Le Canada fait partie de la majorité écrasante des pays qui ont appelé à un cessez-le-feu à Gaza le 12 décembre dernier à l’Assemblée générale des Nations-unies. Plus encore, la ministre des Affaires étrangères, Mélanie Joly, a annoncé le mois dernier l’arrêt des exportations d’armes canadiennes vers Israël, provoquant la colère des responsables israéliens. Dans une déclaration à la presse, le cabinet de Mélanie Joly a affirmé qu’ “ il n’y a pas de licences ouvertes pour les exportations de produits létaux vers Israël”, précisant que “depuis le 8 janvier, le gouvernement n’a pas approuvé de nouvelles licences d’exportation d’armes vers Israël et cela continuera jusqu’à ce que nous puissions garantir le respect total de notre régime d’exportation”.
Par ailleurs, le 18 mars, le Nouveau Parti Démocrate (NPD) a fait adopter une motion non-contraignante réclamant également un cessez-le-feu et des sanctions envers les “colons extrémistes”. Cependant, le texte proposant que le Parlement reconnaisse l’État de la Palestine, a été amendé par le parti libéral de Justin Trudeau.
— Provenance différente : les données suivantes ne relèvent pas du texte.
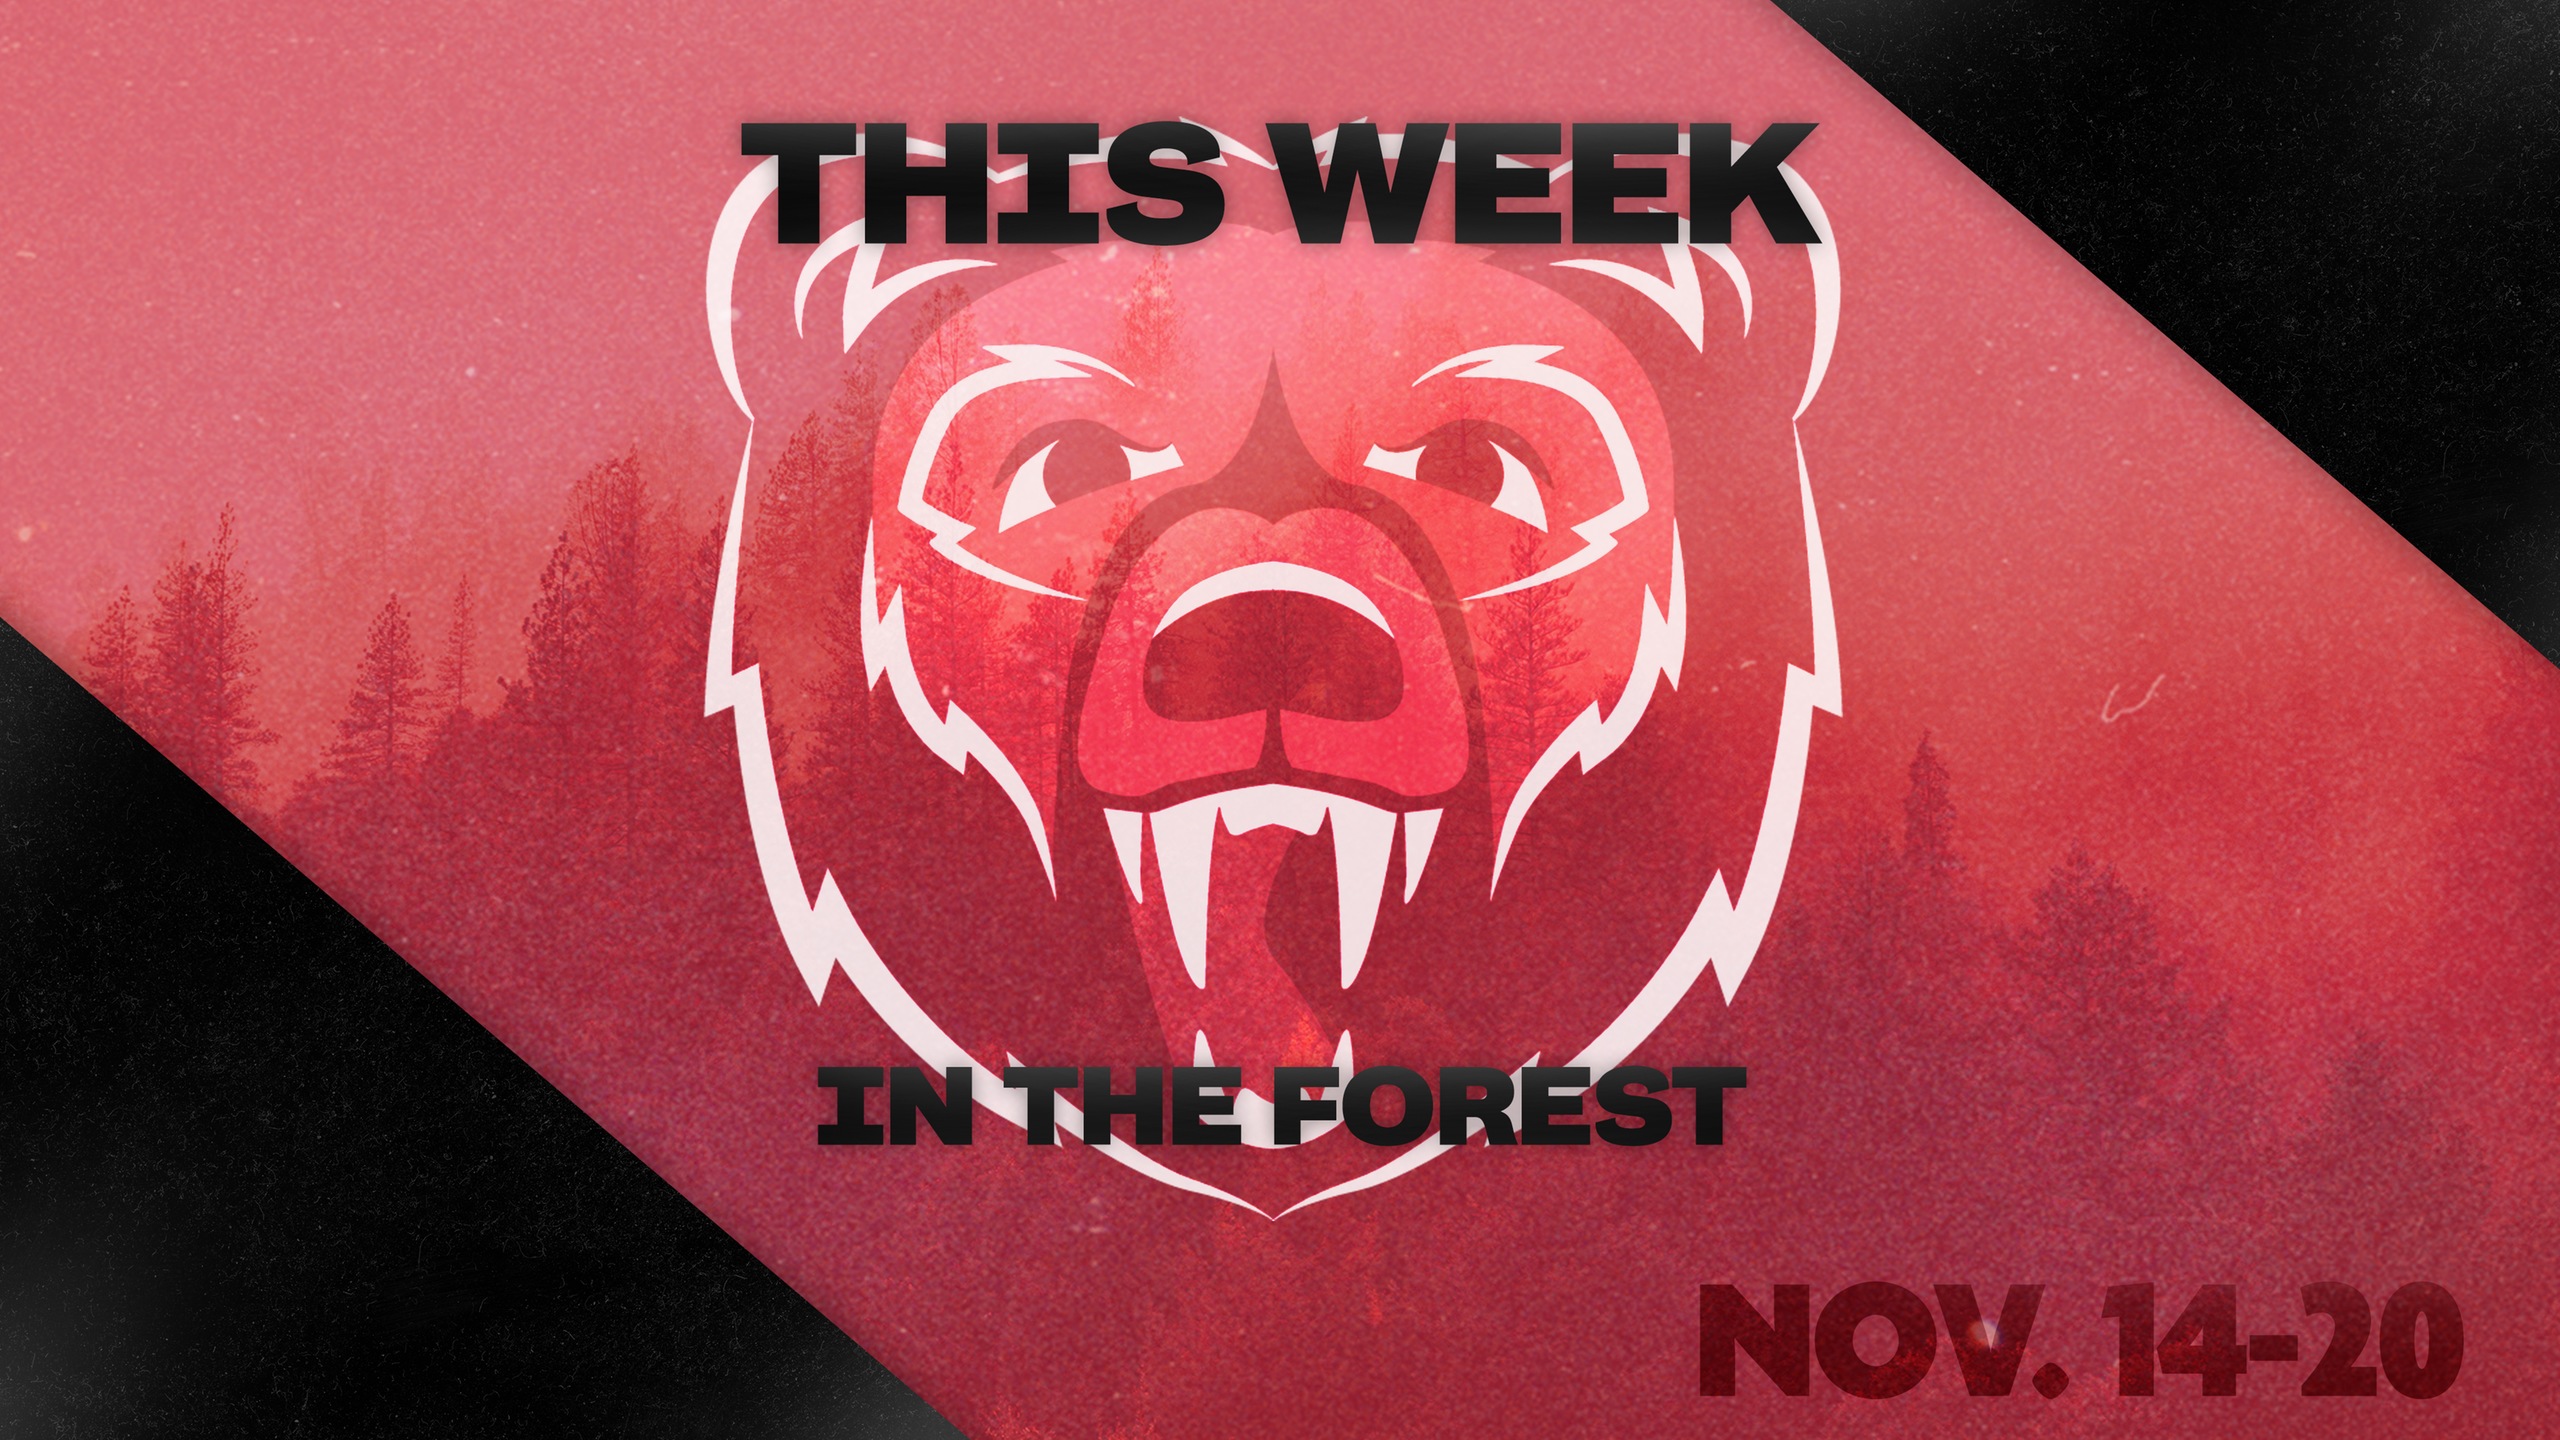 This Week in The Forest: Nov. 14-20

Désormais, on y trouve une phrase plus générique obligeant le gouvernement à “travailler avec ses partenaires internationaux” pour la paix au Moyen-Orient et une solution à deux États.
Gaza embarrasse le Canada
Faut-il y voir des signes d’un changement dans la politique du Canada vis-à-vis d’Israël ? Rachad Antonius, professeur associé au département de sociologie à l’Université du Québec à Montréal, balaie d’un revers de main. “Le Canada affiche une position qui penche nettement en faveur d'Israël”, affirme-t-il à TRT Français estimant que les autorités canadiennes semblent réticentes à réagir promptement lors d'incidents embarrassants tels que le massacre à Gaza. “Il a fallu cinq mois pour qu'une prise de conscience soit exprimée et qu'un appel au cessez-le-feu soit lancé, mais de façon très timide. Le communiqué officiel appelant à la fin des hostilités cible, en outre, essentiellement le Hamas sans adresser de critiques à Israël”.
Plus encore, l’expert estime que la position du Canada est étroitement liée à celle d’Israël : ‘L'appel à la cessation des hostilités est assorti de conditions spécifiques, principalement axées sur la libération d'otages, en se faisant l’écho aux demandes de Netanyahou. Cependant, les revendications du Hamas, notamment la levée du blocus et la fin de l'occupation, sont largement négligées dans son discours. Cette position met en lumière une préférence marquée en faveur d'Israël, en ignorant les causes sous-jacentes du conflit », explique-t-il.
Quant à la question des ventes d'armes, notre interlocuteur n’y voit que le résultat de l’embarras du Canada, notamment face aux allégations de génocide, et soutient que cette mesure reste contrebalancée par une coopération scientifique continue.
Canada-Israël, un soutien mutuel
Plus globalement, Rachad Antonius rappelle que si les principes de la politique étrangère du Canada sont fondés sur le respect du droit international, cela est contradictoire avec son soutien indéfectible à l’État d’Israël. À titre d’exemple, sur la question des territoires occupés, le gouvernement canadien affirme officiellement leur statut illégal. “Or, l'omission de condamnations directes concernant l'accroissement des colonies israéliennes est remarquable” souligne-t-il. “Un autre point de divergence réside dans l'interprétation de la situation humanitaire en Palestine. Alors que Mélanie Joly insiste sur la nécessité de garantir le passage de l'aide humanitaire, cette approche reste essentiellement axée sur des considérations d'urgence, négligeant les dimensions politiques et historiques du conflit.”
Et de conclure en estimant que les ajustements apportés à la position officielle ne représentent qu'une infime nuance dans le discours, plutôt qu'un véritable changement de politique: “Cette réaction atténuée face à l'ampleur des événements tragiques ne révèle qu'un embarras ponctuel.”